Hobbes gives us several possible reasons for altruism, none of which seem to be conducive to effective helping:
"When the transferring of right is not mutual, but one of the parties transferreth in hope to gain thereby friendship or service from another, or from his friends; or in hope to gain the reputation of charity, or magnanimity; or to deliver his mind from the pain of compassion [self-haters give more?]; or in hope of reward in heaven; this is not contract, but gift, free gift, grace: which words signify one and the same thing."
There is also the problem of epistemic limitations around other-optimizing. Charity might remove more utilons from the giver than it bestows upon the receiver, if only because it's difficult to know what other people need and easier to know what oneself needs.
"...then there's the idea that rationalists should be able to (a) solve group coordination problems, (b) care a lot about other people and (c) win..."
Why should rationalists necessarily care a lot about other people? If we are to avoid circular altruism and the nefarious effects of other-optimizing, the best amount of caring might be less than "a lot."
Additionally, caring about other people in the sense of seeking emotional gratification primarily in tribe-like social rituals may be truly inimical to dedicating one's life to theoretical physics, math, or any other far-thinking discipline.
Caring about other people may entail involvement in politics, and local politics can be just as mind-killing as national politics.
It might be prudent to avoid associating rationality with particular people or social institutions.
There's always the risk that particular instances of rationality will result in disaster, or that Bad Guys will be painstakingly rational, and in the early stages, wouldn't want to suffer the fate of religions, which often take reputation hits when their followers do nasty things.
Rationality could be advertised as a morally neutral instrumental value, i.e., Better Living Through Rationality.
On the other hand, we could sell rationality as a tool for atheists, drug policy activists, and stockbrokers, and publicly associate with their successes.
I would venture that emotivism can be a way of setting up short-run incentives for the achievement of sub-goals.

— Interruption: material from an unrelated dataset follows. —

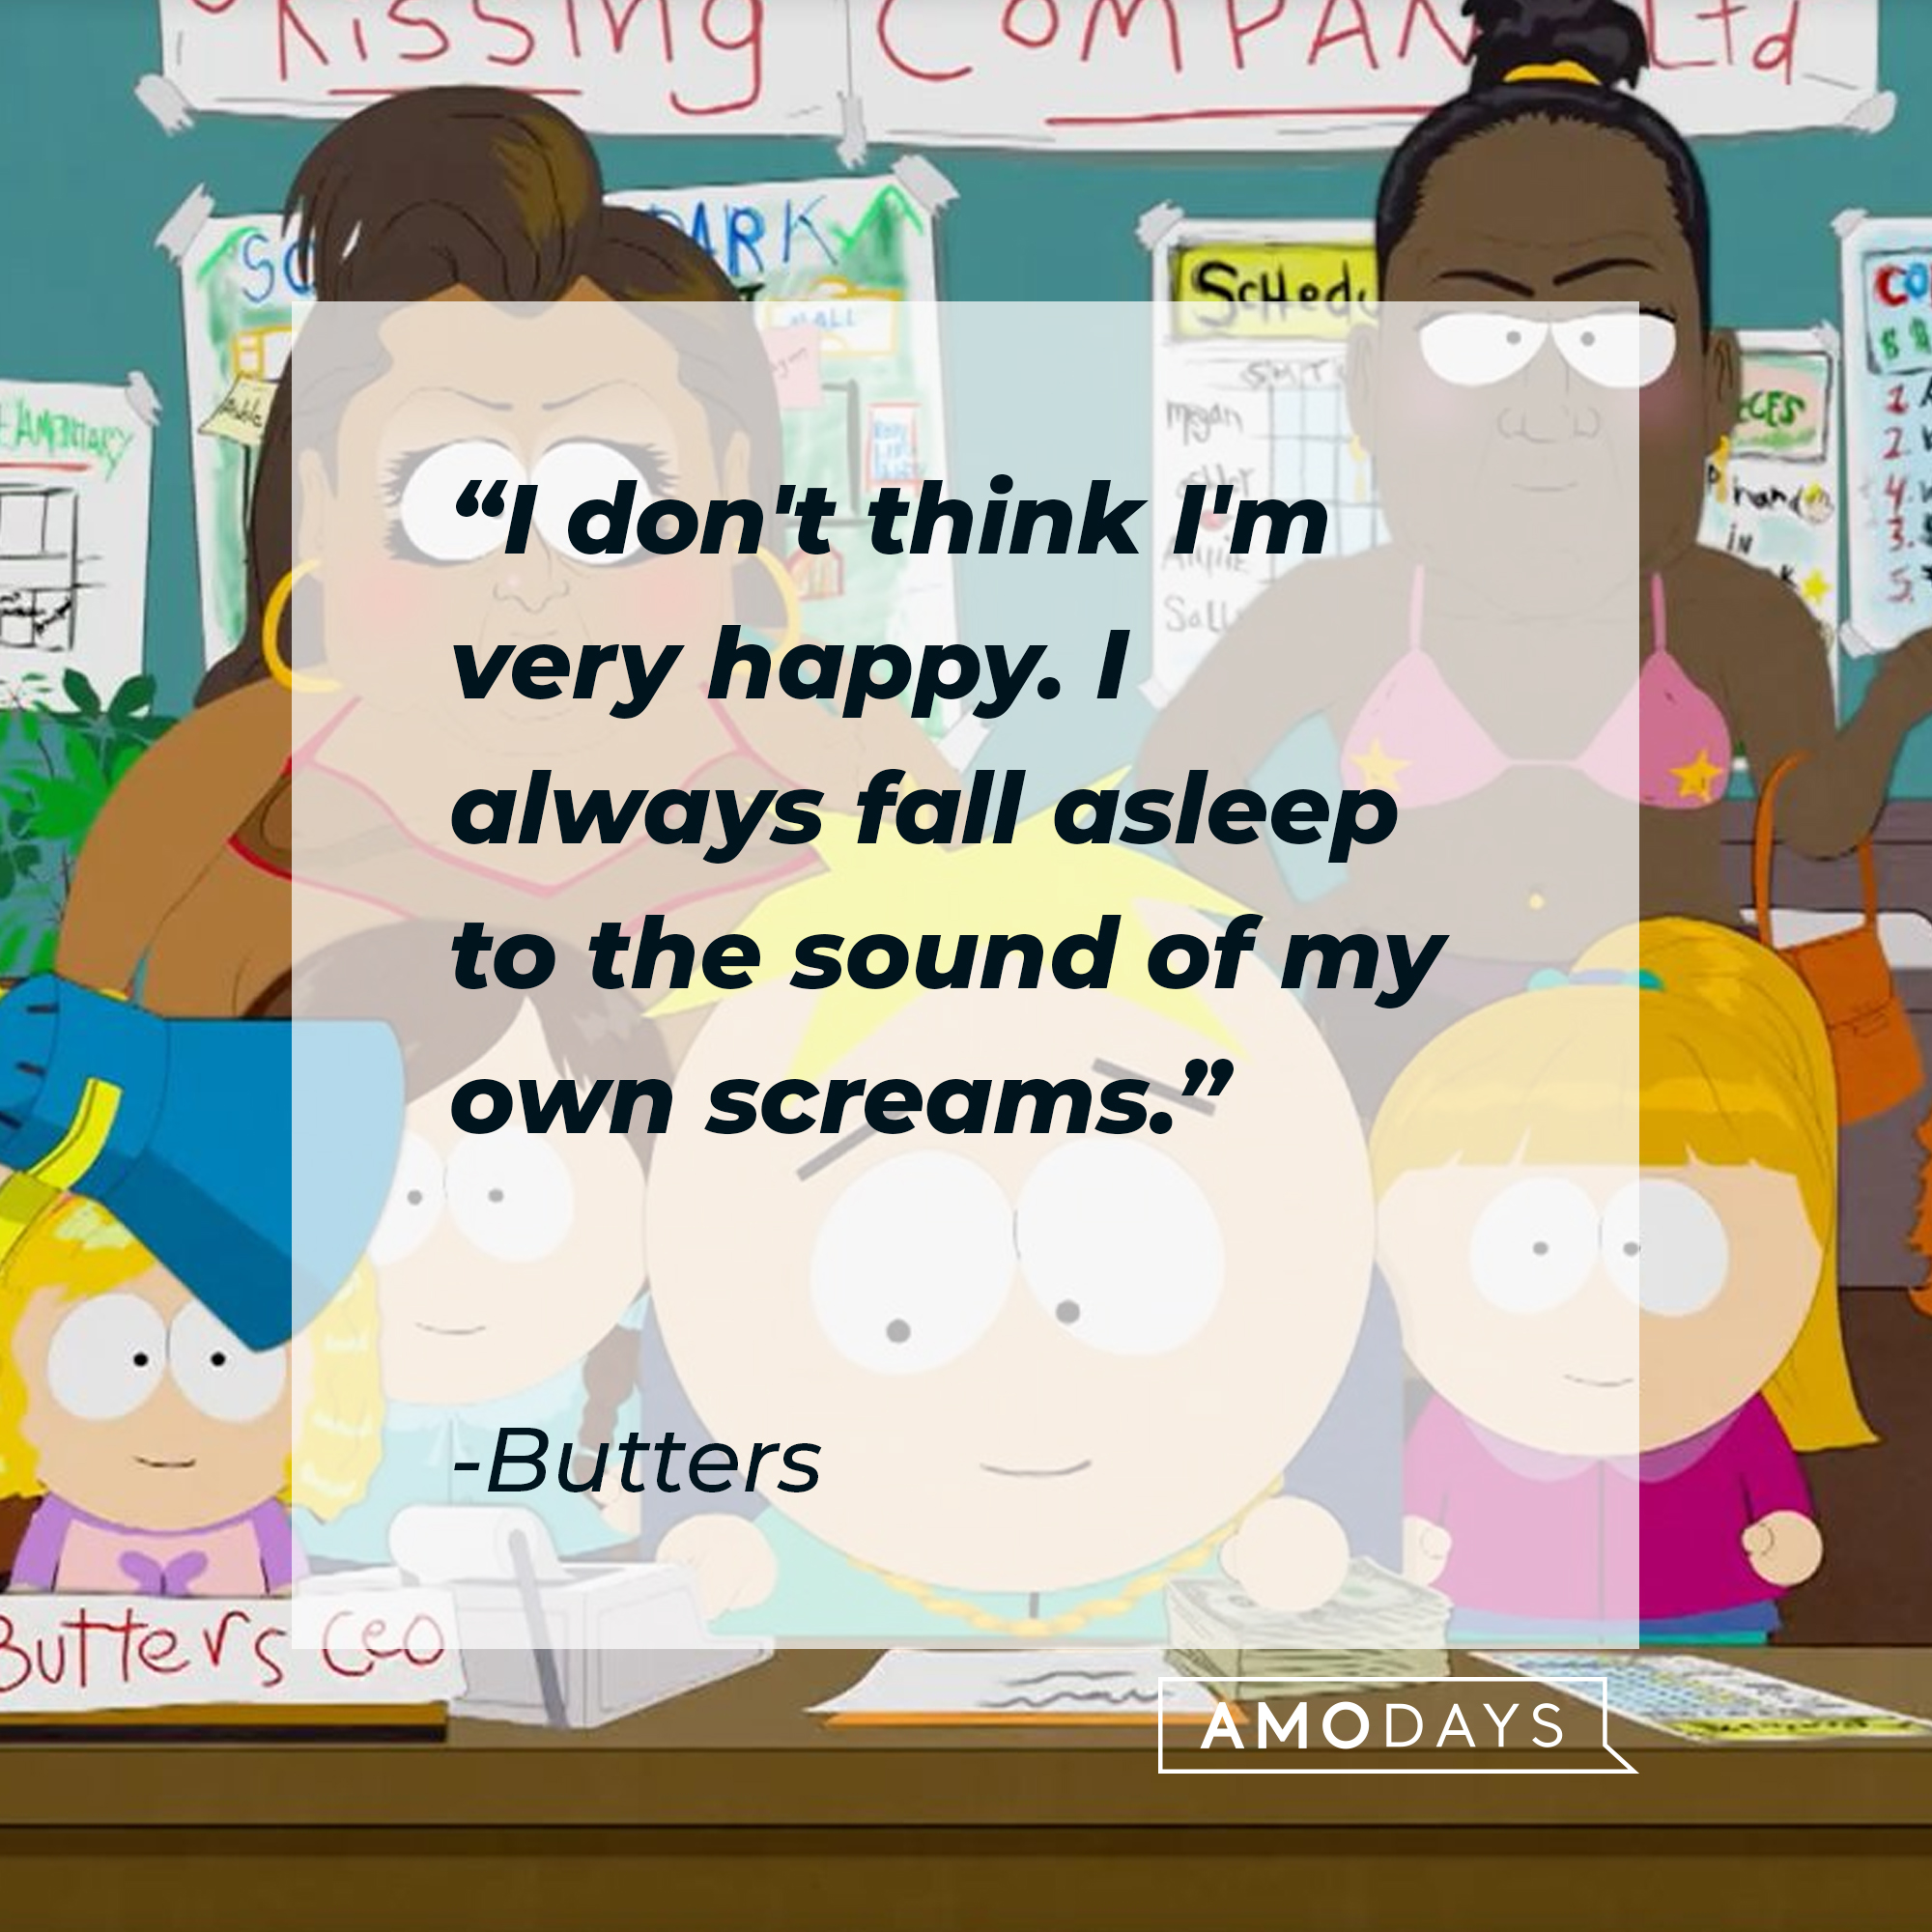 Butters' quote: "I don't think I'm very happy. I always fall asleep to the sound of my own screams." | Source: facebook.com/southpark
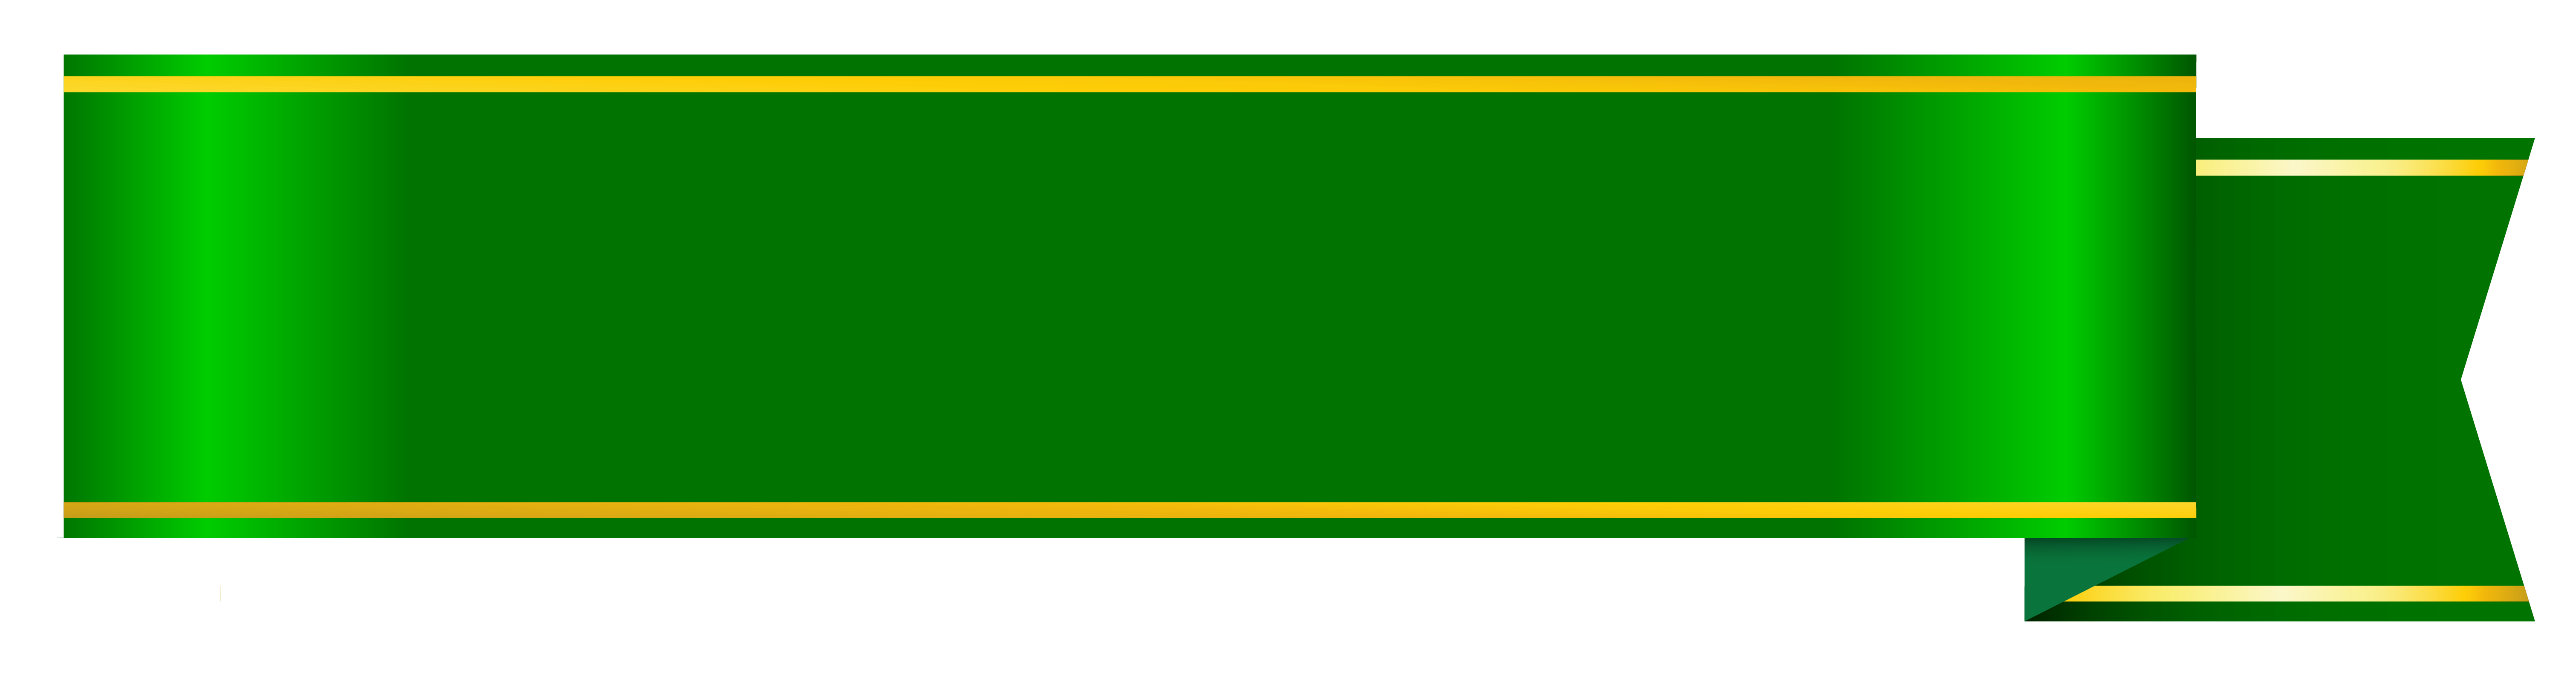 Green Banner Unduh PNG Image

If we think "Bayesian insights are good," we can derive some psychological satisfaction from things which, in themselves, do not have direct personal consequences.
By attaching "goodness" to things too far outside our feedback loops, like "ending hunger," we get things like counterproductive aid spending. By attaching "goodness" too strongly to subgoals close to individual feedback loops, like "publishing papers," we get a flood of inconsequential academic articles at the expense of general knowledge.